Ad Astra, un film di James Gray. Con Brad Pitt, Ruth Negga, Tommy Lee Jones, Donald Sutherland, Liv Tyler. Al cinema da giovedì 26 settembre 2019.
Male accolto all’ultima mostra di Venezia, soprattutto dalla stampa italiana. Invece in my opinion uno dei vertici del concorso. Sci-fi meditativo e esistenziale sulla scia dell’immenso Solaris di Tarkoksky e dei più recenti Interstellar e High Life. Viaggio edipico verso Nettuno di un uomo in cerca del padre. Ipnotico, ieratico. Una liturgia in forma di odissea nello spazio. Con un grande Brad Pitt. Voto 8
Uno dei film più divisivi della recente Mostra di Venezia, dov’era in concorso e dov’è stato accolto da (ampi) dissensi e (scarsi) consensi. A detestarlo, soprattutto gli italiani. Io invece vado in contotendenza e mi colloco tra i più che favorevoli. Sci-fi meditativo e esistenziale in cui il James Gray di Little Odessa, I padroni della notte e Civiltà perduta si confronta con un progetto ad alto budget, forzando il genere stellare con odissea-nello-spazio fino a squassarlo e piegarlo a sé. Viaggio ai confini del sistema solare, verso Nettuno, che è insieme incursione all’interno di corpo e anima e psiche del suo protagonista Roy, mappatura del suo sistema conscio e inconscio. Pensando a Solaris di Tarkovsky, Interstellar di Nolan, High Life di Claire Denis.

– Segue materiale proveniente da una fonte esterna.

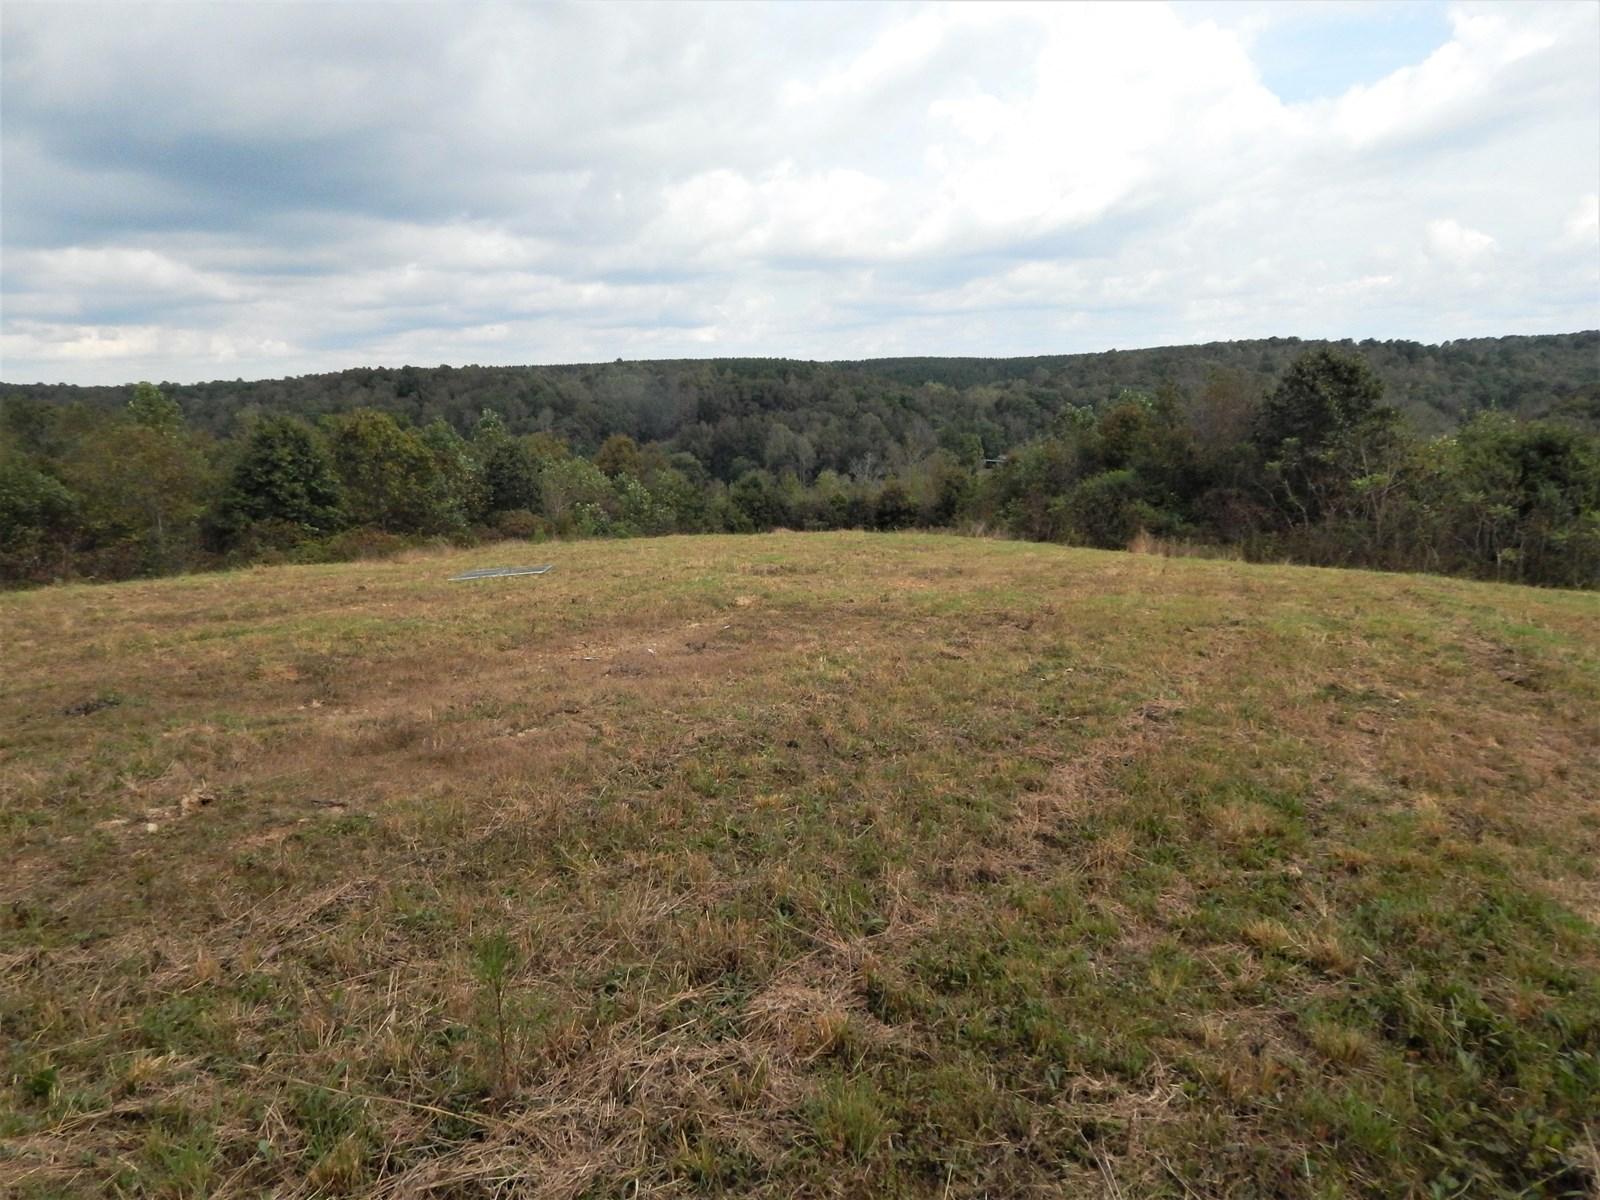 Wayne Co., Tn. Hunting Land, Building Sites, Stream, & Views

Siamo nel solito futuro vicino in odore di distopia. Roy McBride, di mestiere cosmonauta, viene arruolato in una missione incaricata di indagare su improvvise eruzioni di energia che rischiano di distruggere la terra e le sue colonie spaziali, a partire dalla Luna. Pare che tutto derivi da Nettuno, da quel che resta di una nave spaziale guidata molto tempo prima dal padre di Roy e data per distrutta. Pare non sia così, pare che il genitore sia invece vivo e si sia autoproclamato padrone assoluto di Nettuno. Come il Kurz di Conrad e di Coppola. Stracolmo di citazioni, Ad Astra è al suo primo livello l’itinerario edipico di un figlio in cerca del padre (e sono stati certi critici francesi a notare come la figura del padre, la sua assenza o la sua oppressiva presenza, sia centrale da sempre nel cinema di Gray, da Little Odessa a I padroni della notte). Ma è anche, soprattutto, la sfida lanciata da James Gray al genere sci-fi, al cinema colossale. Che nelle sua mani diventa il dispositivo per un altro cinema, ipnotico, riflessivo, di liturgica solennità, come sincronizzato su un ritmo interiore, altro e e profondo. Quella caduta dalla torre di addestramento seguita dalla cinepresa nel suo vorticare, quel corpo a corpo nello spazio in assenza di gravità, mortale pur nella sua lentezza letargica. Il cosmo come estensione della terra e delle sue crisi e fratture (l’agguato sulla Luna, come in un Afghanistan stellare). Infiniti primi piani di Brad Pitt (formidabile), finché il suo sguardo diventa il nostro, lo assorbe. Ipnosi riuscita, il mago Gray ha vinto. Film destinato, al di là della malmostosità con cui è stato perlopiù accolto fin da Venezia, a crescere nel tempo e assestarsi come un riferimento. Uscito la scorsa settimana negli Usa, ha ottenuto uno score molto buono dai recensori e assai più basso dal pubblico, che non l’ha premiato con gli incassi attesi. Da noi dovrà superare l’ulteriore handicap di una critica poco amica se non esplicitamente ostile. Ma non date retta ai demolitori e non perdetevelo. Seconda strepitosa performance di Brad Pitt di questo 2019 dopo ovviamente C’era una volta… a Hollywood di Tarantino: l’Academy ne tenga conto, please.